The work has now advanced to the point that Grail is gearing up for commercialization. If all goes to plan, the company will introduce Galleri and a test to “accelerate diagnostic resolution for patients for whom there is a clinical suspicion of cancer” first as LDTs next year before seeking FDA approval in 2023.
After bringing Galleri to market, Grail will push for the test’s integration into the management of the 40 million patients who already visit their physicians for standard-of-care cancer screening. Grail is pitching the test as a way to detect cancers earlier and, in doing so, reduce morbidity, mortality and costs associated with late-stage diagnoses.
Yet, the risk of false positives could mean Grail faces pushback from insurers hesitant to back the cost of additional diagnostic workup, the company outlined in its preliminary prospectus. Grail will try to counter those concerns with evidence of the value of its test, pointing to modeling that suggests Galleri may “detect nearly 70% of cancers resulting in death within five years at an earlier stage.” That would translate into the aversion of 39% of otherwise expected deaths.
Grail’s calculations are based on a study in which Galleri detected more than 50 cancers, including more than 45 types that are not explictly recommended for screening today.
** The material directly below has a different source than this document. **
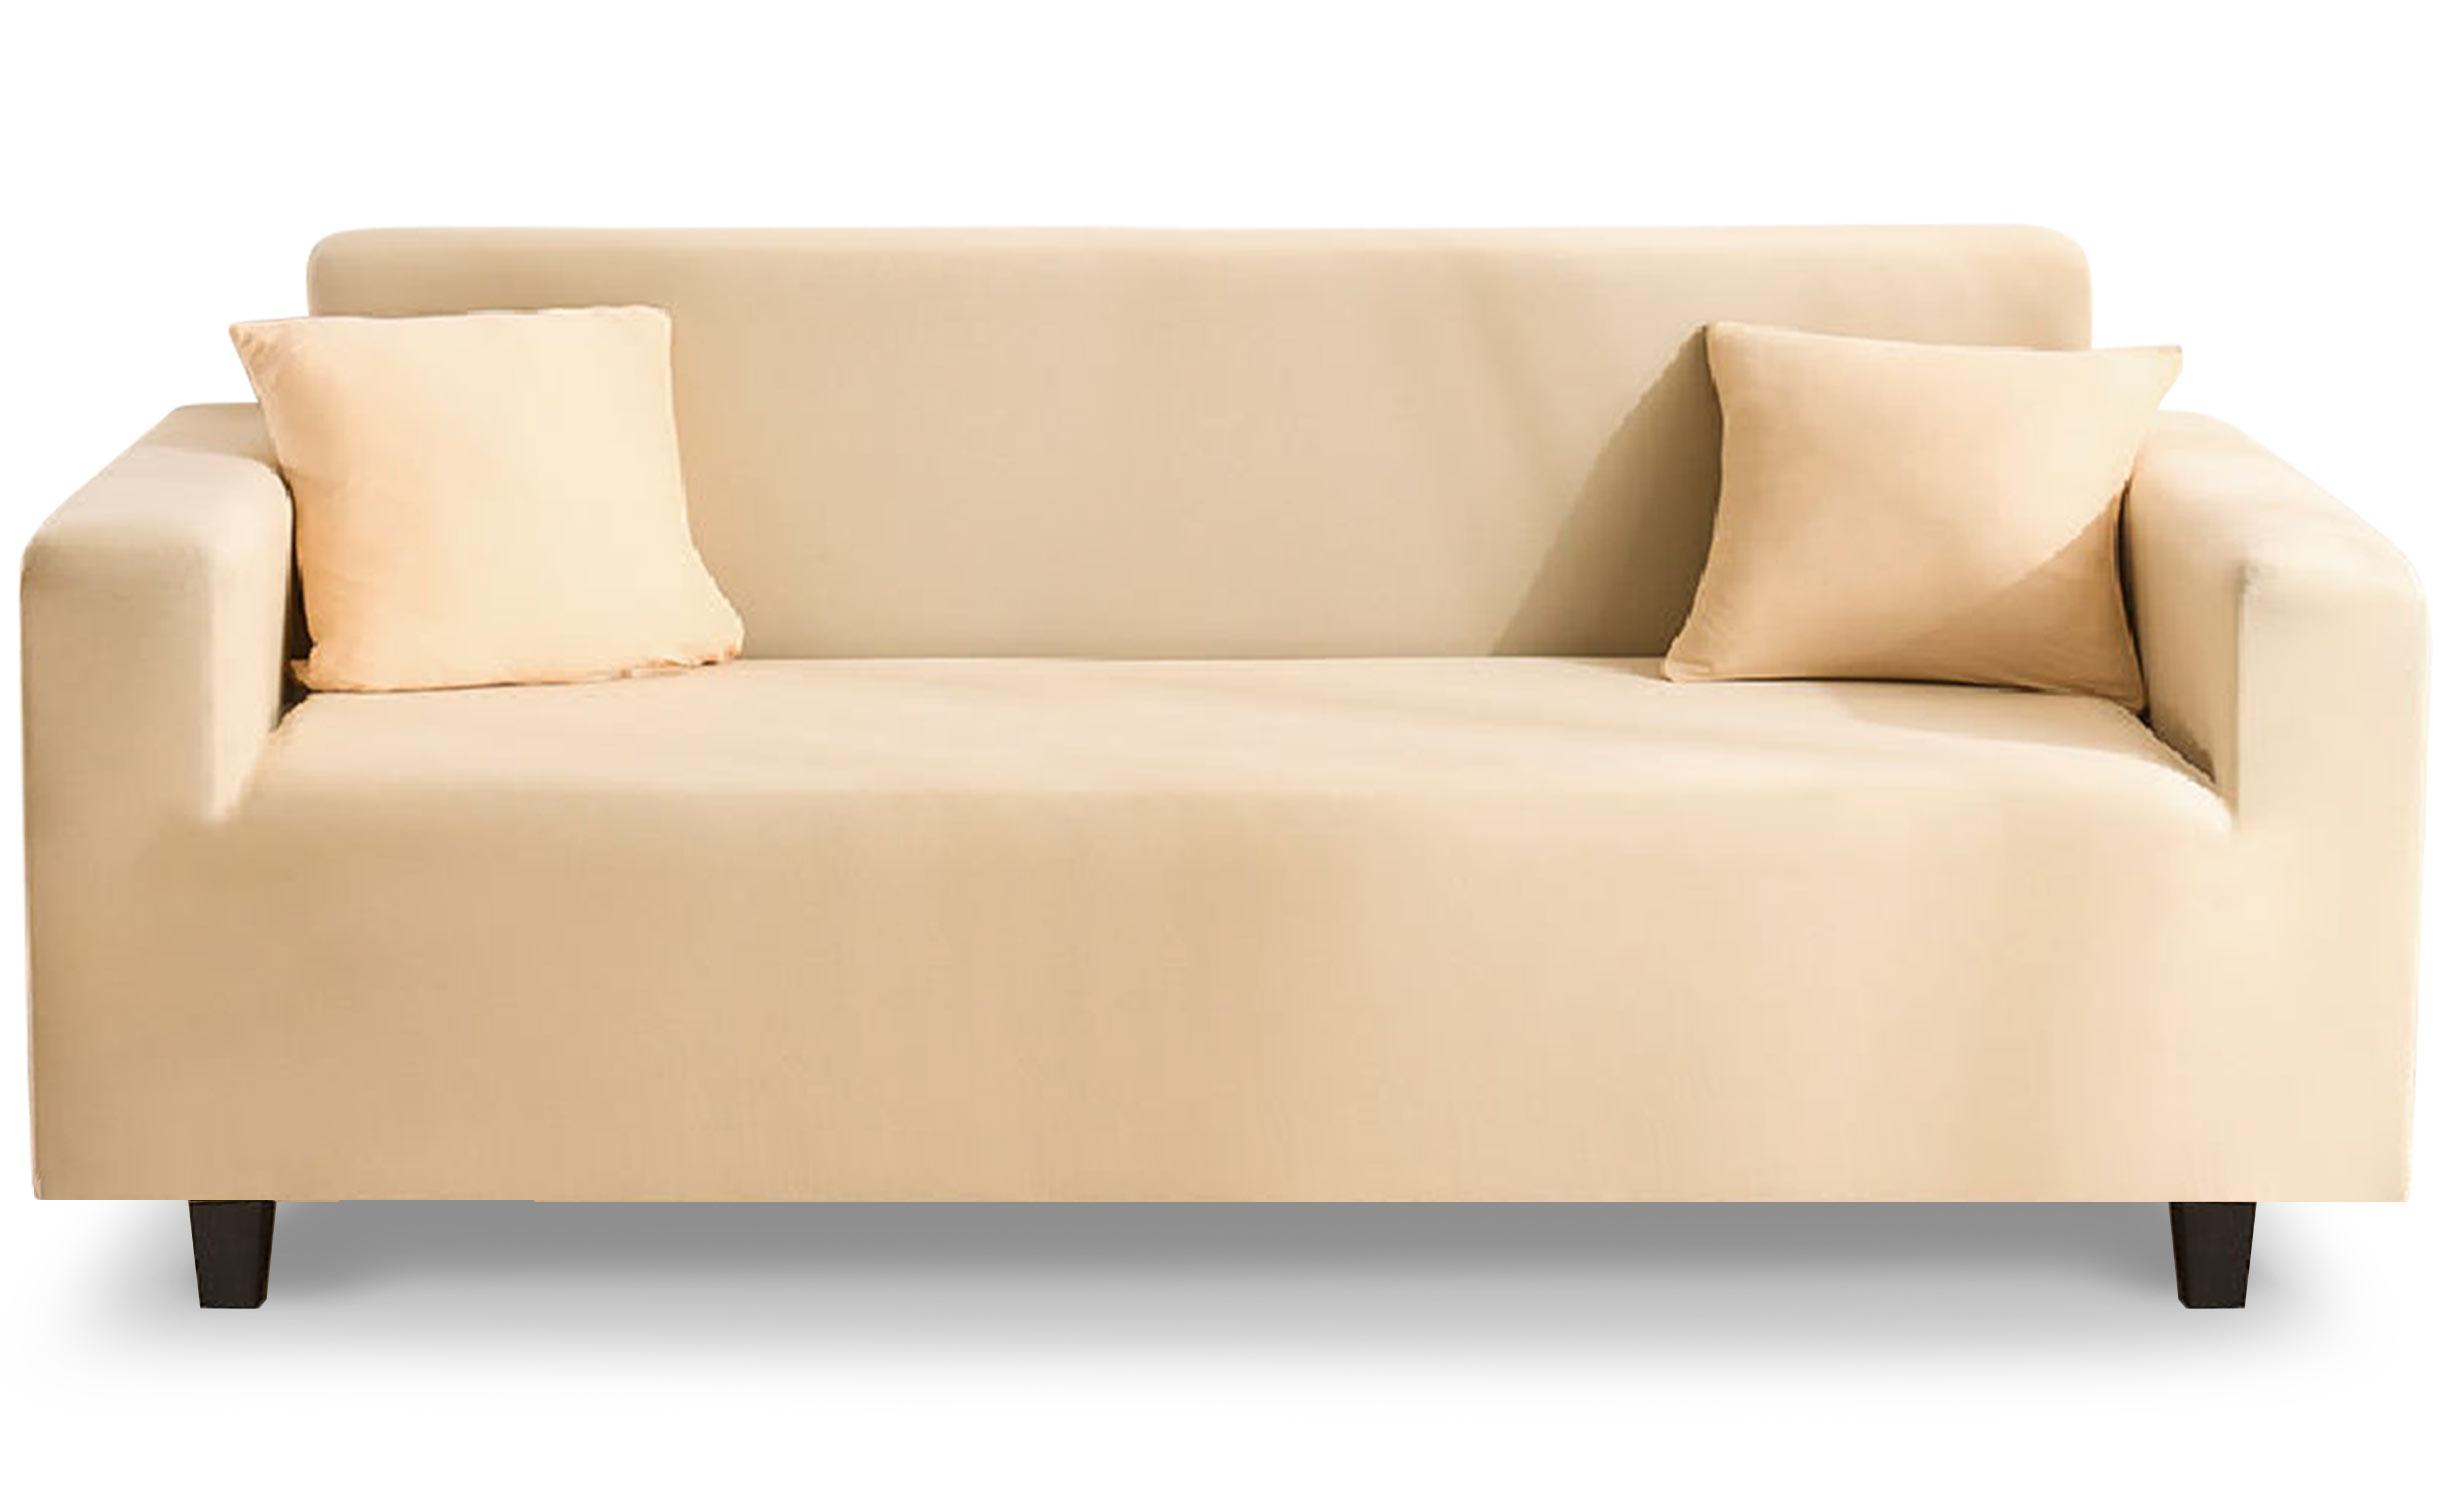 Housse de fauteuil extensible Decoprotect 3 places Ivoire

The study linked Galleri to a positive predictive value of 43% and found it would yield 7,000 false positives per million tests. That compares favorably to existing single-cancer screening tests such as mammograms.
Researchers at Grail achieved that level of performance by zeroing in on methylation patterns that indicate the presence and location of a cancer. Further work led to a targeted approach, eliminating the need to perform costly whole-genome methylation.
Other liquid biopsy companies have factored elements other than methylation into their tests. For example, Freenome, which raised $270 million last month, also looks at immune DNA signatures. The Form S-1 states Grail is assessing “multi-omic approaches including evaluation of additional analytes and biofluids” but is confident its existing approach can detect low level signs of cancer in the blood.
Some of the money from the IPO, which has a placeholder fundraising target of $100 million, will support such ongoing development work but the focal point is commercial preparations. Grail put another piece of the preparations in place in June when it leased space in North Carolina to add to its capacity. COVID-19 could disrupt the build, the paperwork warns, leaving Grail reliant on its existing site in California that may be unable to meet demand.
How much demand Galleri generates will partly depend on the success of Grail’s rivals. The IPO filing named Guardant Health, Exact Sciences, Freenome, Thrive Earlier Detection and ArcherDX among its competitors, several of which have tested liquid biopsies in studies of more than 10,000 people. However, Grail sees itself as partly insulated from competition, stating that not “many companies would have the financial resources to invest in population-scale clinical trials and rigorous analytics to compete with our products."